MRC Clinical Sciences Centre, Faculty of Medicine ICSTM, Hammersmith Hospital, London, UK.
Epigenetics Chromatin. 2010 May 7;3(1):10. doi: 10.1186/1756-8935-3-10.
X chromosome inactivation, the mechanism used by mammals to equalise dosage of X-linked genes in XX females relative to XY males, is triggered by chromosome-wide localisation of a cis-acting non-coding RNA, Xist. The mechanism of Xist RNA spreading and Xist-dependent silencing is poorly understood. A large body of evidence indicates that silencing is more efficient on the X chromosome than on autosomes, leading to the idea that the X chromosome has acquired sequences that facilitate propagation of silencing. LINE-1 (L1) repeats are relatively enriched on the X chromosome and have been proposed as candidates for these sequences. To determine the requirements for efficient silencing we have analysed the relationship of chromosome features, including L1 repeats, and the extent of silencing in cell lines carrying inducible Xist transgenes located on one of three different autosomes.

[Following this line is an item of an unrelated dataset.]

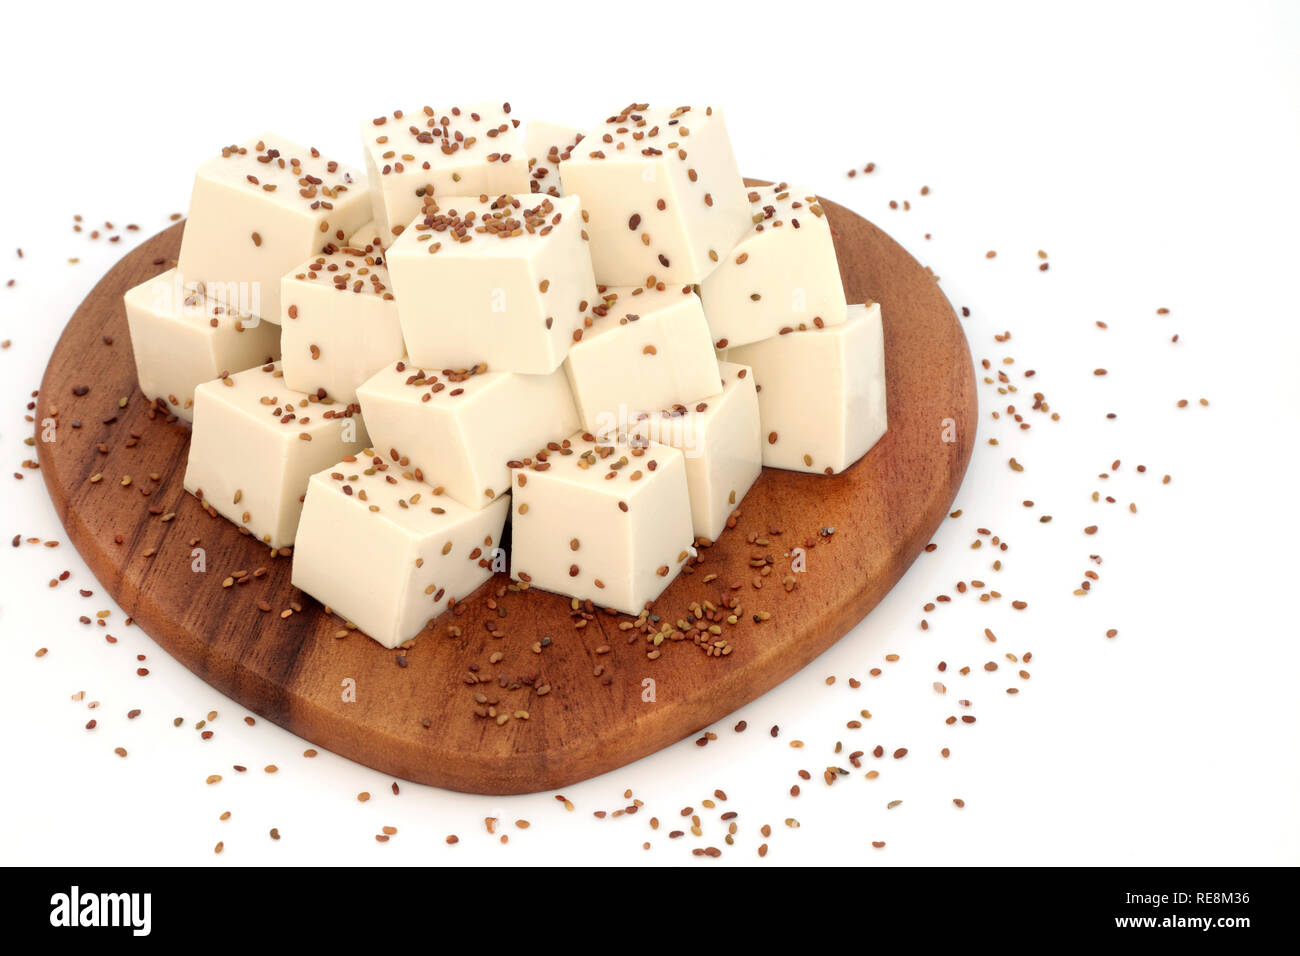 Le Tofu caillé saupoudrés de graines de luzerne sur une planche en bois sur fond blanc. Nourriture santé pour les végétaliens. Riche en protéines et d'oméga 3. Banque D'Images

Our results show that the organisation of the chromosome into large gene-rich and L1-rich domains is a key determinant of silencing efficiency. Specifically genes located in large gene-rich domains with low L1 density are relatively resistant to Xist-mediated silencing whereas genes located in gene-poor domains with high L1 density are silenced more efficiently. These effects are observed shortly after induction of Xist RNA expression, suggesting that chromosomal domain organisation influences establishment rather than long-term maintenance of silencing. The X chromosome and some autosomes have only small gene-rich L1-depleted domains and we suggest that this could confer the capacity for relatively efficient chromosome-wide silencing.
This study provides insight into the requirements for efficient Xist mediated silencing and specifically identifies organisation of the chromosome into gene-rich L1-depleted and gene-poor L1-dense domains as a major influence on the ability of Xist-mediated silencing to be propagated in a continuous manner in cis.
X 染色体失活是哺乳动物在 XX 雌性中使 X 连锁基因剂量与 XY 雄性相等所使用的机制,它是由顺式作用的非编码 RNA Xist 在染色体范围内的局部化触发的。Xist RNA 扩散和 Xist 依赖性沉默的机制尚不清楚。大量证据表明,沉默在 X 染色体上比在常染色体上更有效,这导致了 X 染色体获得了促进沉默传播的序列的想法。LINE-1(L1)重复序列在 X 染色体上相对丰富,并被提议作为这些序列的候选者。为了确定有效沉默的要求,我们分析了染色体特征之间的关系,包括 L1 重复序列,以及携带诱导性 Xist 转基因的细胞系中沉默程度,这些转基因位于三条不同常染色体之一上。
我们的结果表明,染色体的组织成大基因丰富和 L1 丰富的区域是沉默效率的关键决定因素。具体来说,位于大基因丰富区域且 L1 密度低的基因相对抵抗 Xist 介导的沉默,而位于基因贫乏区域且 L1 密度高的基因则更容易被沉默。这些效应在诱导 Xist RNA 表达后不久即可观察到,这表明染色体结构域组织影响沉默的建立而不是长期维持。X 染色体和一些常染色体只有小的基因丰富 L1 耗尽的区域,我们认为这可能赋予了相对有效的染色体范围沉默的能力。
本研究提供了对高效 Xist 介导沉默的要求的深入了解,特别是确定了染色体的组织成富含基因的 L1 耗尽区和富含基因的 L1 密集区,这是 Xist 介导的沉默在顺式中以连续方式传播的能力的主要影响因素。